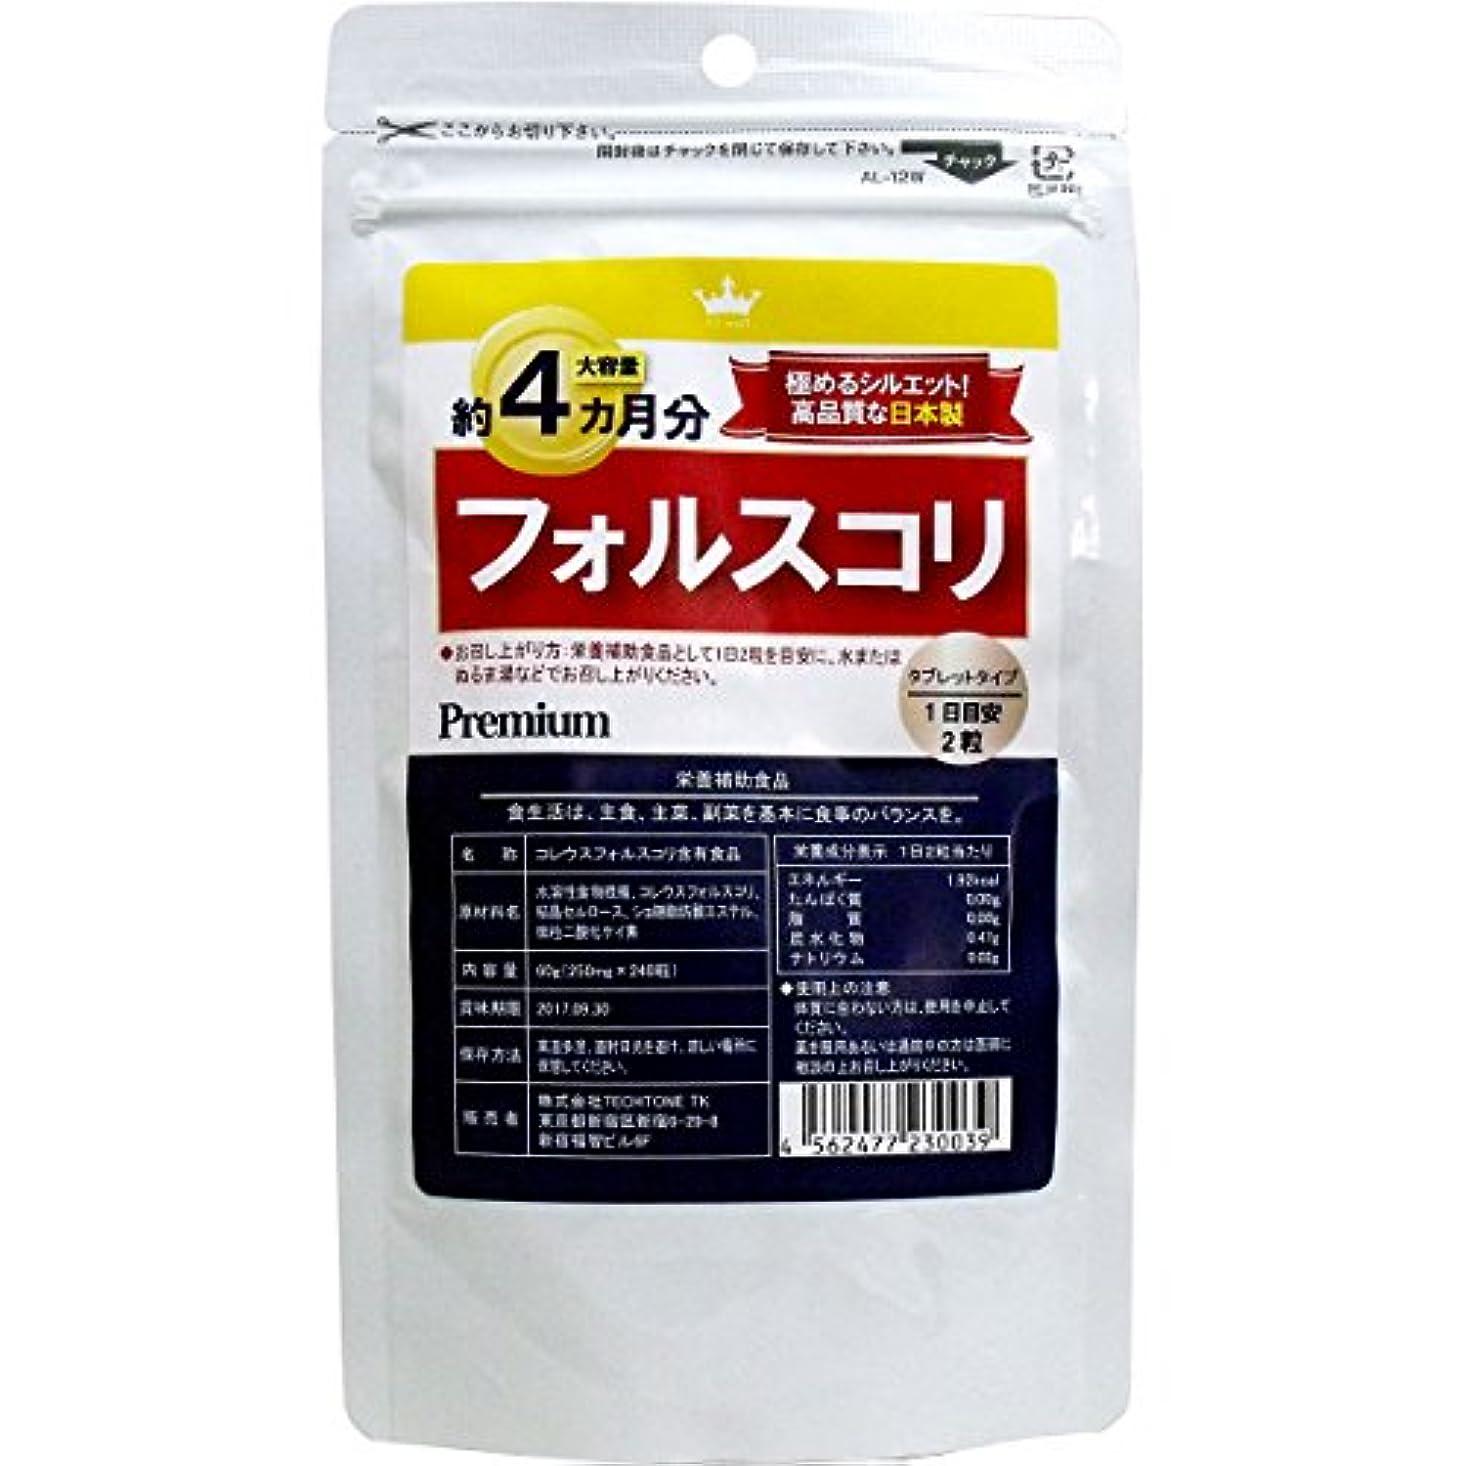 スーダン魅惑するばかダイエット 高品質な日本製 人気 フォルスコリ 約4カ月分 240粒入【2個セット】
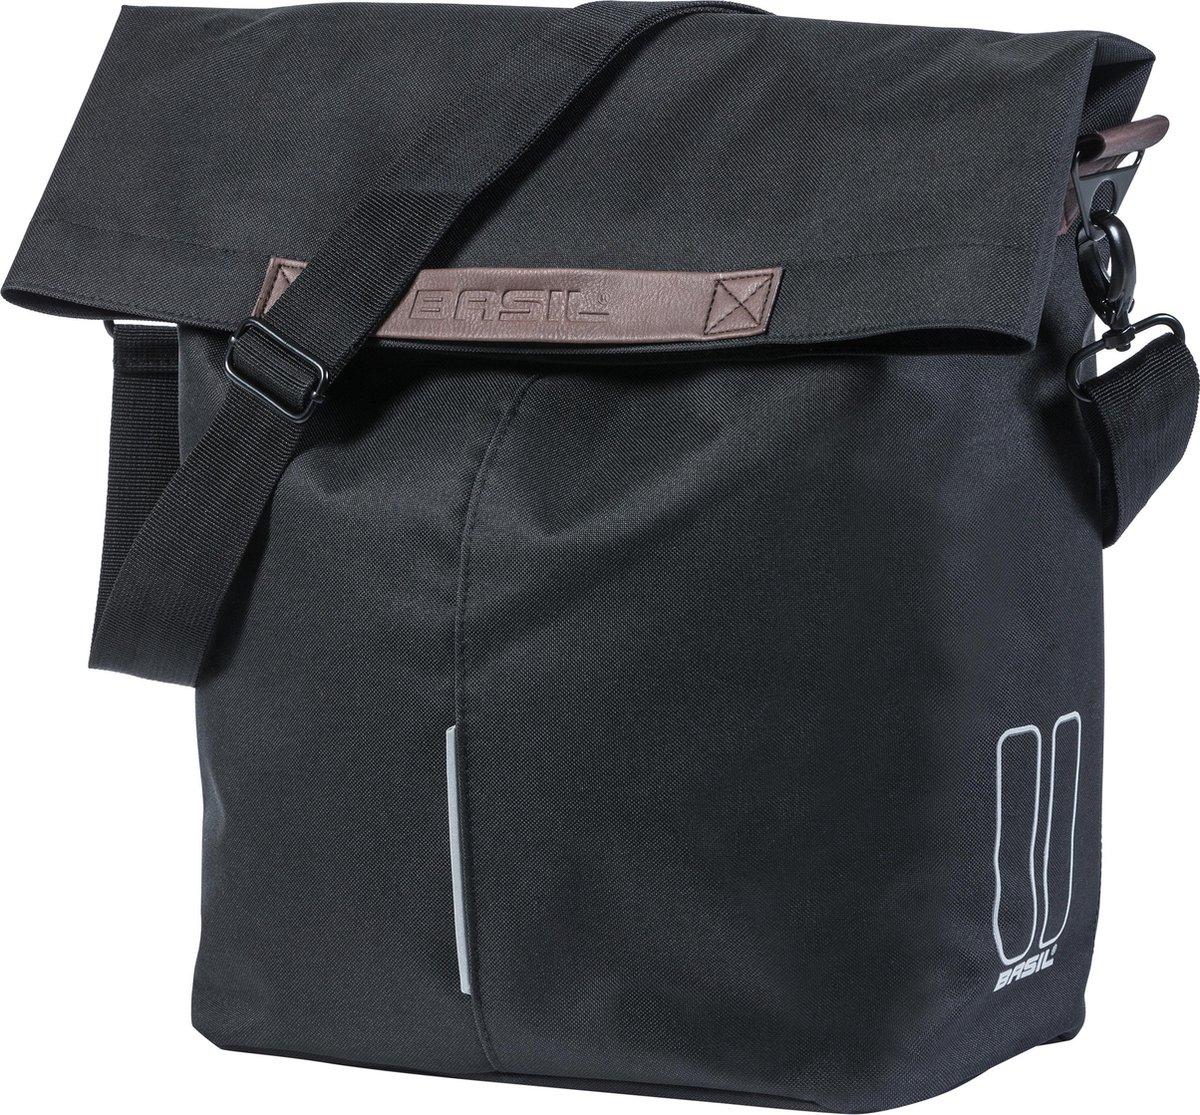 Basil City fietsshopper - Enkele Fietstas - 16 liter - Zwart
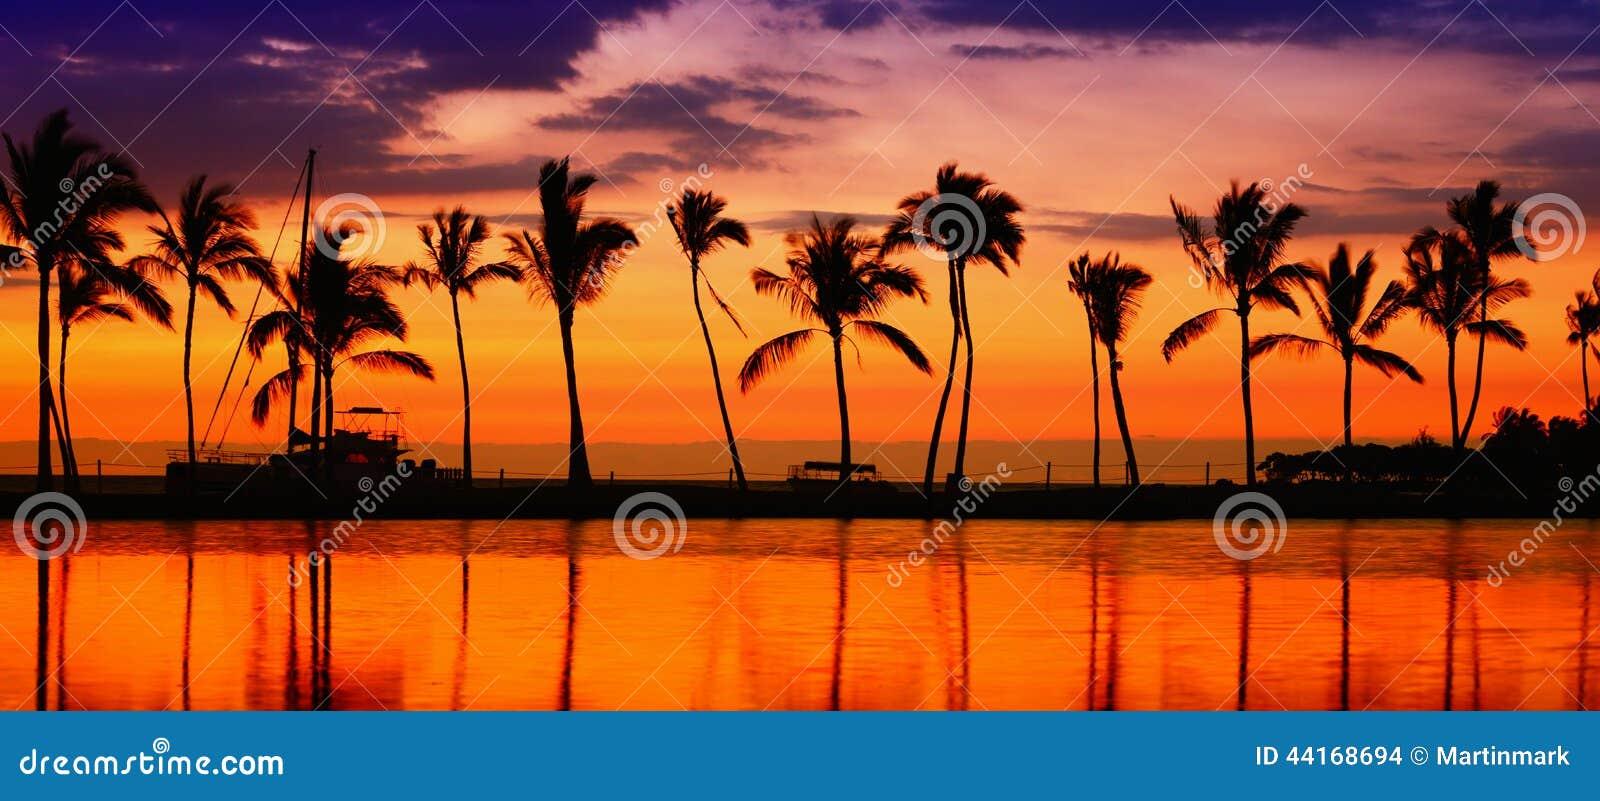 旅行横幅-使天堂日落棕榈树靠岸
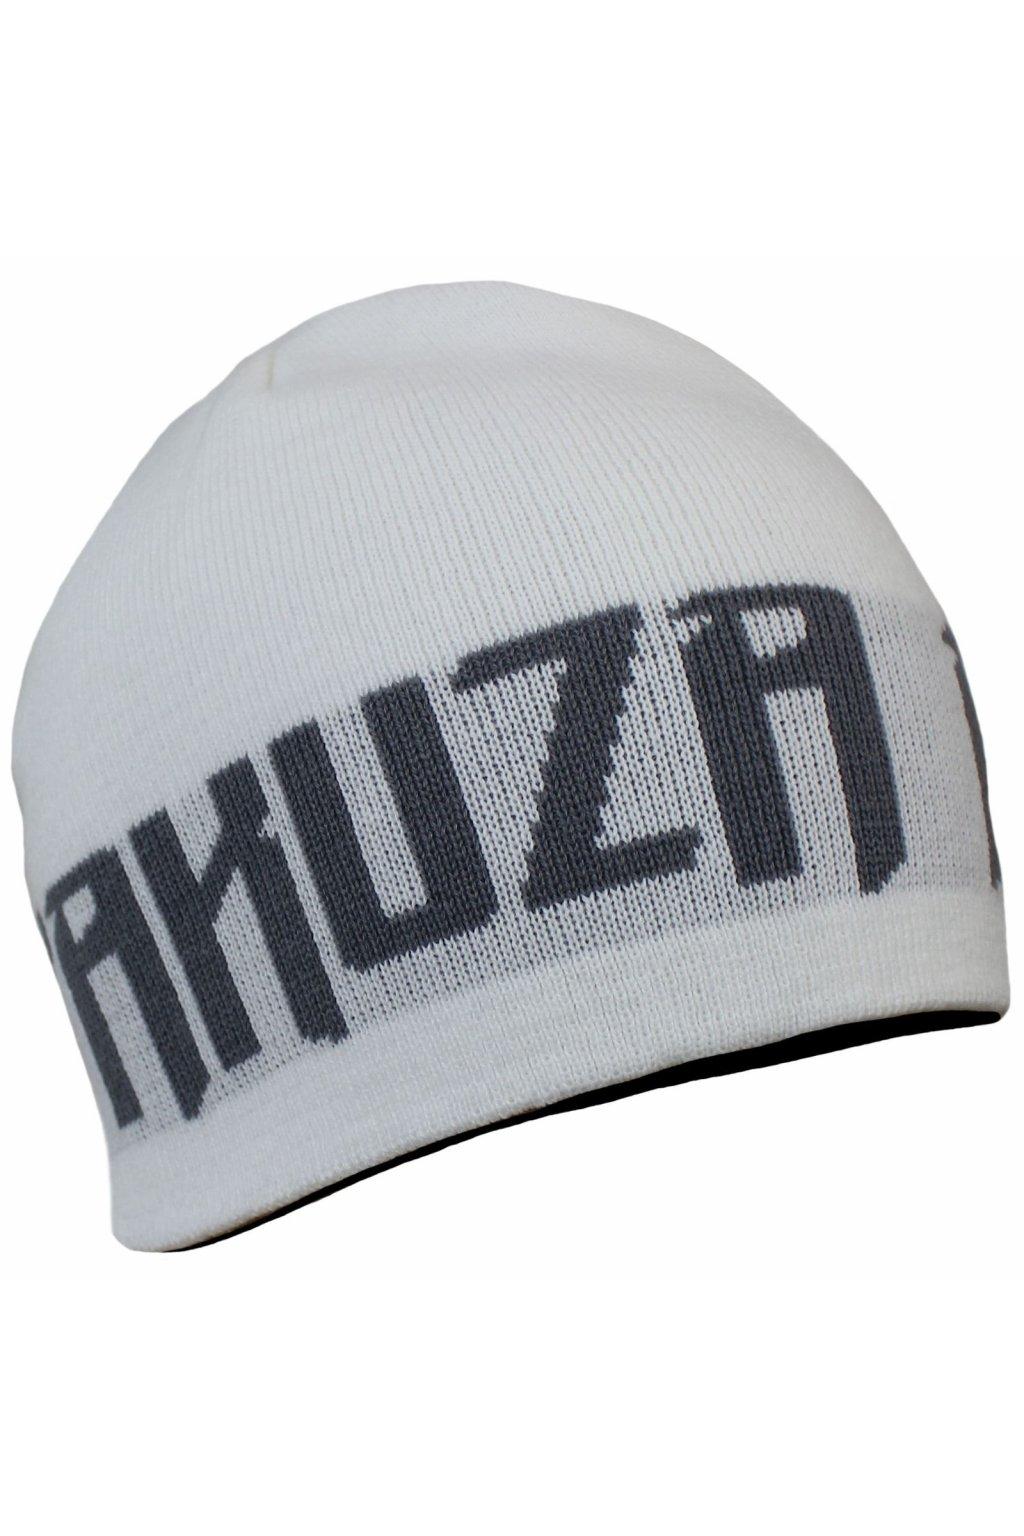 Yakuza Premium kulich 2782 přírodní bílá obr1
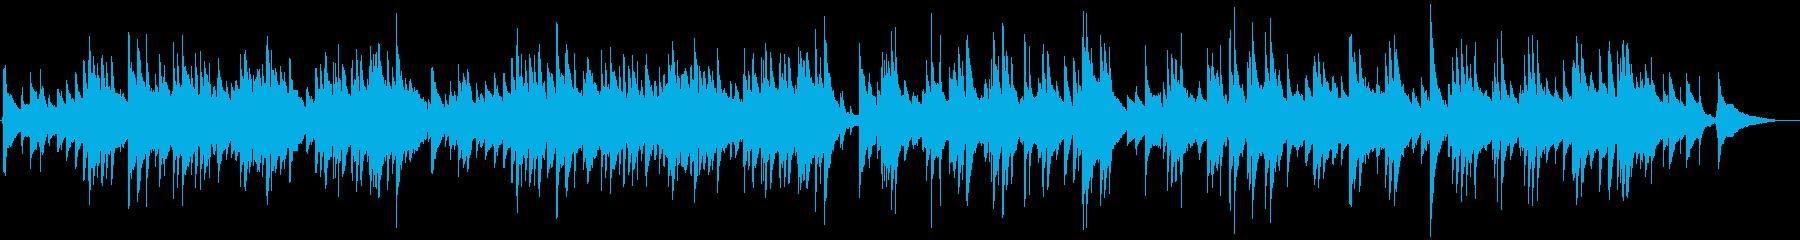 伝統的 ジャズ ビバップ 現代的 ...の再生済みの波形

:::

Without the pictures, write out every line above exactly as it appears.

● **Your response**
 スーダン魅惑するばかダイエット 高品質な日本製 人気 フォルスコリ 約4カ月分 240粒入【2個セット】
 Basil City fietsshopper - Enkele Fietstas - 16 liter - Zwart
 旅行横幅-使天堂日落棕榈树靠岸
 Yakuza Premium kulich 2782 přírodní bílá obr1
 伝統的 ジャズ ビバップ 現代的 ...の再生済みの波形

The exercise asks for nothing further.